Restaurant Brands International (NYSE:QSR) (TSE:QSR) was downgraded by analysts at Zacks Investment Research from a buy rating to a hold rating. According to Zacks, “Restaurant Brands’ second-quarter 2017 adjusted earnings of $0.51 per share beat the Zacks Consensus Estimate by 13.3% and rose 24.4% year over year. Revenues of $1.13 billion increased nearly 9% year over year but fell just short of the consensus mark. Notably, this marked the 10th consecutive quarterly earnings beat for the company. Meanwhile, though comps rose at Burger King, the same fell at Tim Hortons and Popeyes. Going into the second half, the company aims to maintain the momentum at Burger King, while improving comps growth at Tim Hortons and Popeyes via various sales-boosting initiatives. Additionally, it plans to continue focusing on expansion, guest satisfaction and franchisee profitability to drive long-term growth. Notably, Restaurant Brands’ shares outpaced the industry in the last six months. Yet, rising costs along with currency woes may dent profits, while a soft consumer spending environment might hurt comps.”

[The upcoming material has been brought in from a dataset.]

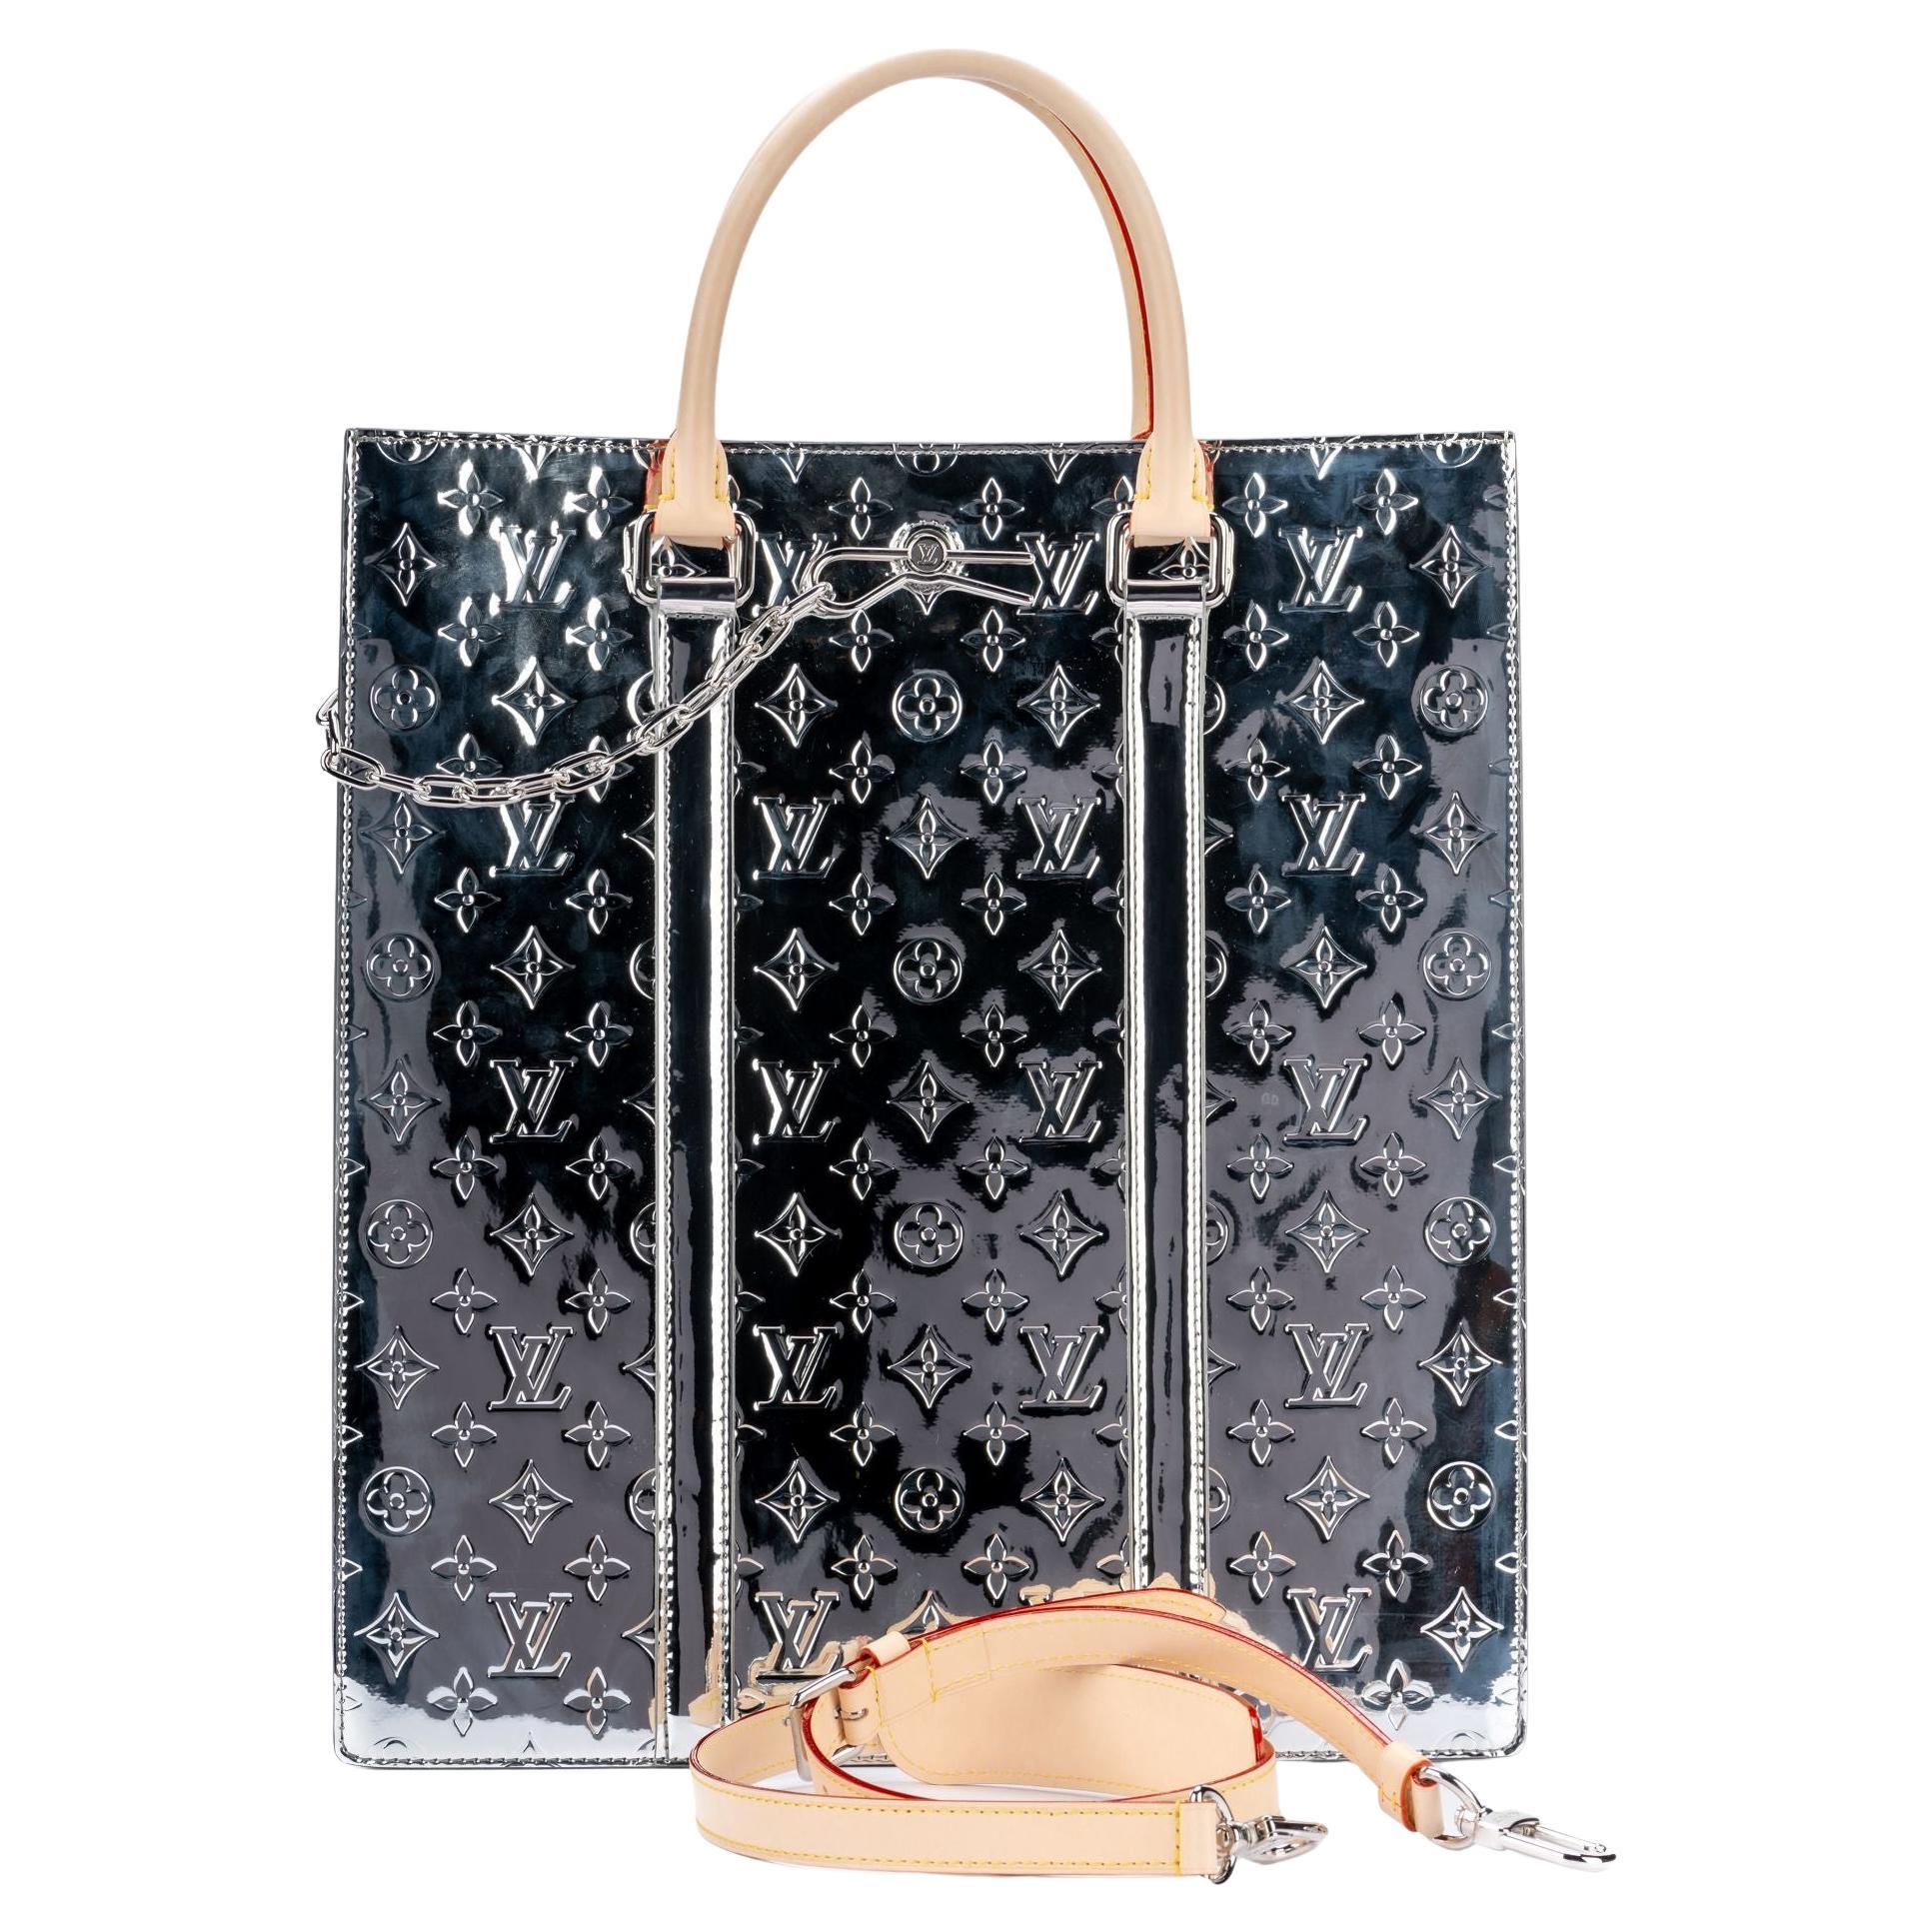 What is a mirror Louis Vuitton bag?

Rayonier (NYSE:RYN) was upgraded by analysts at Zacks Investment Research from a sell rating to a hold rating. According to Zacks, “Rayonier reported better-than-expected pro forma net income per share for second-quarter 2017. In addition, pro forma revenue for the quarter surpassed the Zacks Consensus Estimate. The company revised its 2017 guidance upward. Encouragingly, over the past seven days, its 2017 earnings estimates moved up. Also, shares of Rayonier outperformed its industry over the last three months. The company’s portfolio of timberlands enjoys geographical diversity. Moreover, it is likely to benefit from the recent developments in biogenetics & cloning that help in fast growth of trees. However, Rayonier’s performance in the upcoming period is likely to bear the brunt of stiff competition from national and local players. Also, foreign exchange fluctuations, tough compliance requirements and seasonality of the forest products industry add to its woes.”
Shopify (NYSE:SHOP) (TSE:SH) was downgraded by analysts at Zacks Investment Research from a buy rating to a hold rating. According to Zacks, “Shopify's second-quarter 2017 results were impressive. The company's year-over-year revenue growth showed that Shopify’s cloud-based, multi-tenant, omni-channel, scalable platform is gaining adoption. The company continues to win new merchants, which surpassed 0.5 million at the end of quarter. The company is benefiting from retail’s rapid transition to mobile and social sales channels. Moreover, availability of Apple Pay and addition of eBay, Amazon and Facebook Messenger as sales channels are significant positives. Shopify has outperformed the broader industry on a year-to-date basis. However, the company’s increasing investments on product development, infrastructure and platform will continue to hurt profitability at least in 2017. We observe that the company is yet to report profit, which doesn’t augur well for investors.”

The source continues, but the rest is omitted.